Inspirational Quotations

Inspirational Quotes by Henry Brougham, 1st Baron Brougham and Vaux (Scottish Jurist, Politician)

Henry Peter Brougham, 1st Baron Brougham and Vaux, (1778–1868) was a Scottish jurist, British Whig Party politician, reformer, orator, and Lord Chancellor of England 1830–34.

Born in Edinburgh, Brougham went to Edinburgh University aged 14, and in 1802 co-founded the influential Edinburgh Review, to which he was a prolific contributor. Aware that his Liberal views were ahead of their time for Scotland, he moved to London, was called to the Bar in 1808, and entered Parliament in 1810. As a barrister, his greatest triumph was the successful defense of Queen Caroline of Brunswick in 1820.

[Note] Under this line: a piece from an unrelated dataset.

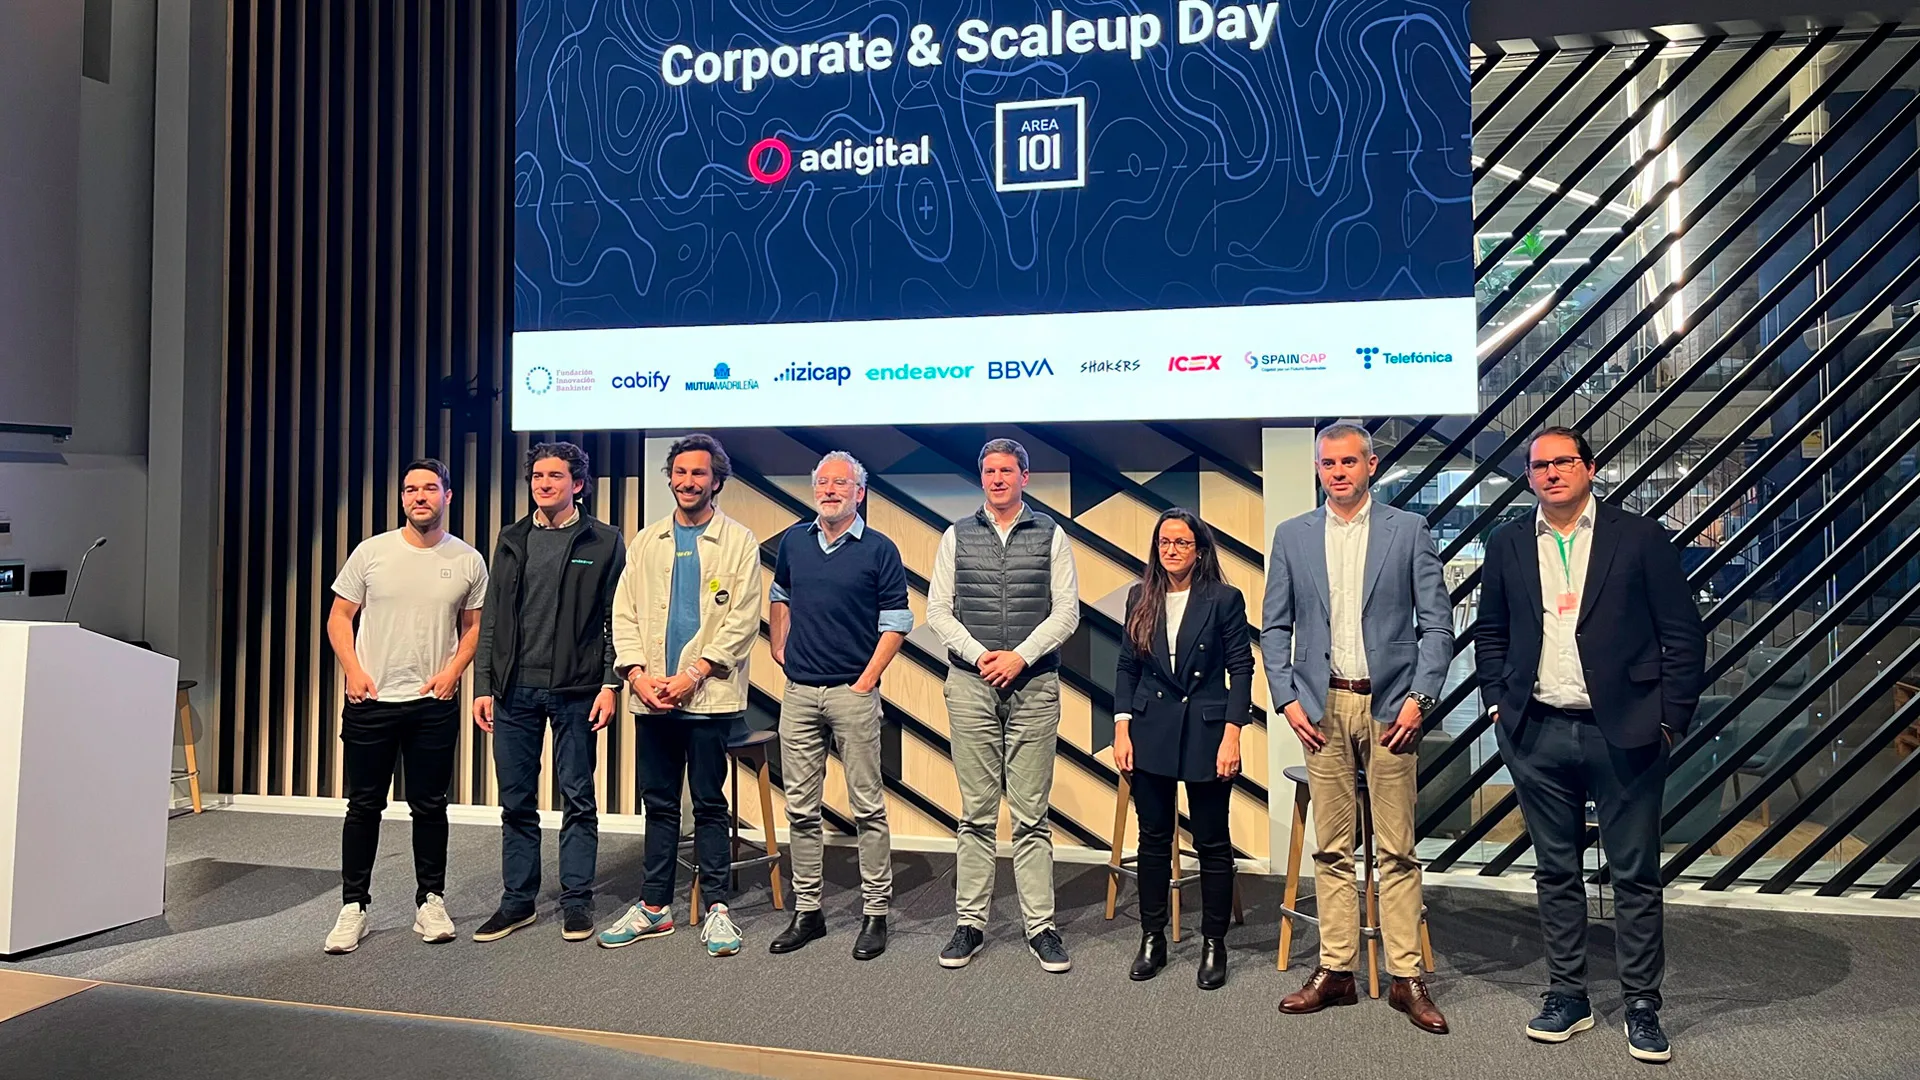 Adigital y Area101 celebran “Corporate and Scaleup Day” para analizar los beneficios de la colaboración entre grandes corporaciones y scaleups

Before and during his tenure as lord chancellor, he sponsored numerous major legal reforms and played a prominent role in passing the 1832 Reform Act and 1833 Slavery Abolition Act. He established the judicial committee of the Privy Council and the Central Criminal Court. In 1825–28, he created the University of London, the first nondenominational institution of higher learning in England.

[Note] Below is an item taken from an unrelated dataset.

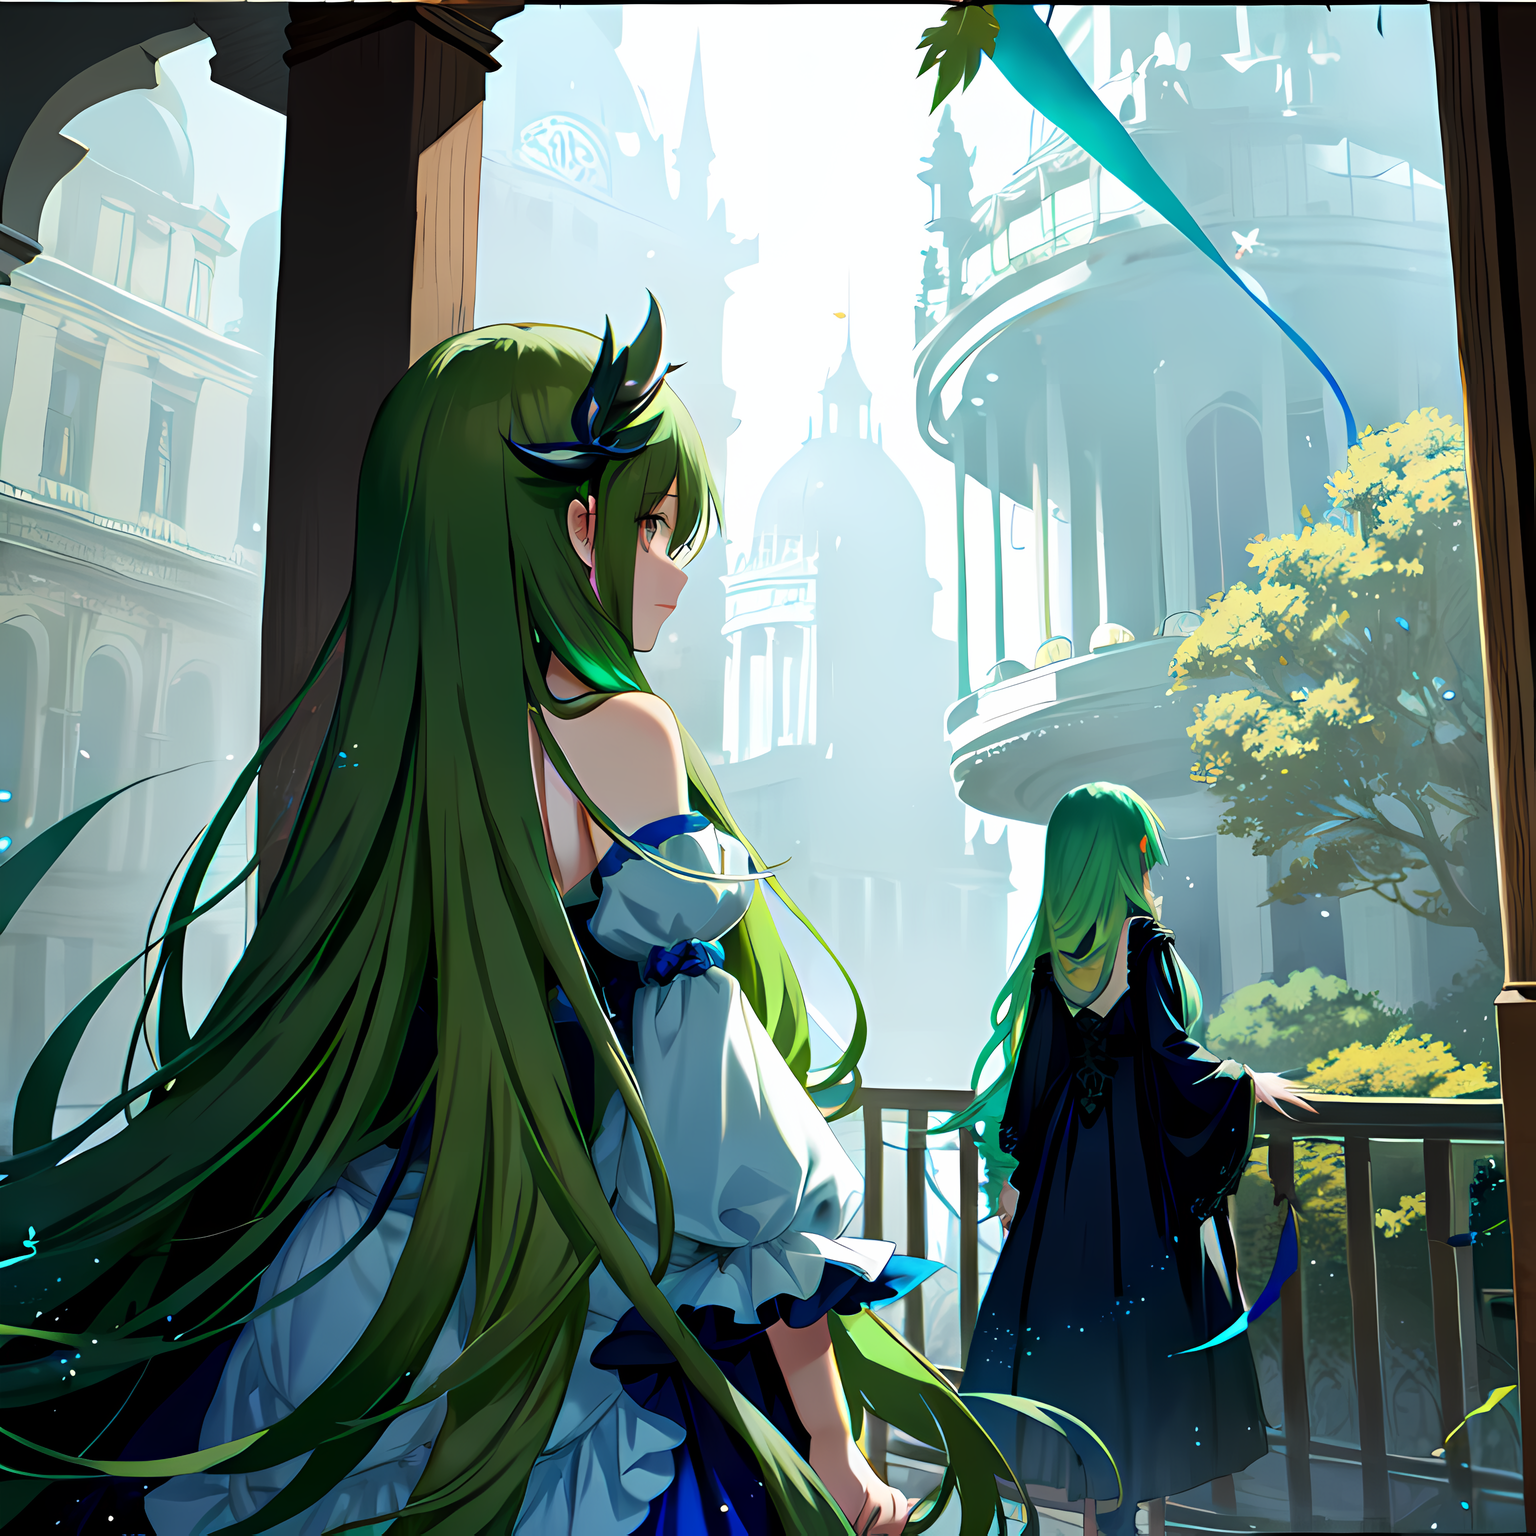 绿发少女，穿插着建筑的长发公主插画图片壁纸

Brougham was the namesake of the brougham carriage, a four-wheeled horse-drawn carriage that was popular in the 19th century. He is remembered, too, for delivering the longest (six-hour) speech in the House of Commons in 1828.

More: Wikipedia READ: Works by Henry Brougham, 1st Baron Brougham and Vaux

Real knowledge never promoted either turbulence or unbelief; but its progress is the forerunner of liberality and enlightened toleration.
Henry Brougham, 1st Baron Brougham and Vaux
Topics: Knowledge

There is a law above all human enactments, written upon the heart by the finger of God; and while men despise fraud, and loathe rapine, and abhor blood, they shall reject with indignation the wild and guilty phantasy, that man can hold property in man.
Henry Brougham, 1st Baron Brougham and Vaux
Topics: Slavery

There have been periods when the country heard with dismay that “the soldier was abroad.” That is not the case now. Let the soldier be abroad; in the present age he can do nothing. Let the soldier be abroad if he will, he can do nothing in this age. There is another personage,—a personage less imposing in the eyes of some, perhaps insignificant. The schoolmaster is abroad, and I trust to him, armed with his primer, against the soldier in full military array, for upholding and extending the liberties of his country.
Henry Brougham, 1st Baron Brougham and Vaux
Topics: Teachers, Teaching, Education

The true test of a great man—that, at least, which must secure his place among the highest order of great men—is, his having been in advance of his age.
Henry Brougham, 1st Baron Brougham and Vaux
Topics: Greatness

Education makes a people easy to lead, but difficult to drive; easy to govern but impossible to enslave.
Henry Brougham, 1st Baron Brougham and Vaux
Topics: Government, Life, Education

I trust everything, under God, to habit, upon which, in all ages, the law giver as well as the schoolmaster has mainly placed his reliance; habit which makes everything easy, and casts all difficulties upon the deviation from the wonted course. Make sobriety a habit, and intemperance will be hateful and hard; make prudence a habit, and reckless profligacy will be as contrary to the nature of the child, grown to be an adult, as the most atrocious crimes are to any of your lordships. Give a child the habit of sacredly regarding the truth, of carefully respecting the properly of others, of scrupulously abstaining from all acts of improvidence which can involve him in distress, and he will just as likely think of rushing into an element in which he cannot breathe, as of lying, or cheating, or stealing.
Henry Brougham, 1st Baron Brougham and Vaux
Topics: Habit

A lawyer is a gentlemen that rescues your estate from your enemies and then keeps it to himself.
Henry Brougham, 1st Baron Brougham and Vaux
Topics: Justice, Lawyers, Law

It is well to read everything of something, and something of everything.
Henry Brougham, 1st Baron Brougham and Vaux
Topics: Books, Reading

I abominate war as unchristian. I hold it to be the greatest of human crimes, and to involve all others—violence, blood, rapine, fraud—everything that can deform the character, alter the nature, and debase the name of man.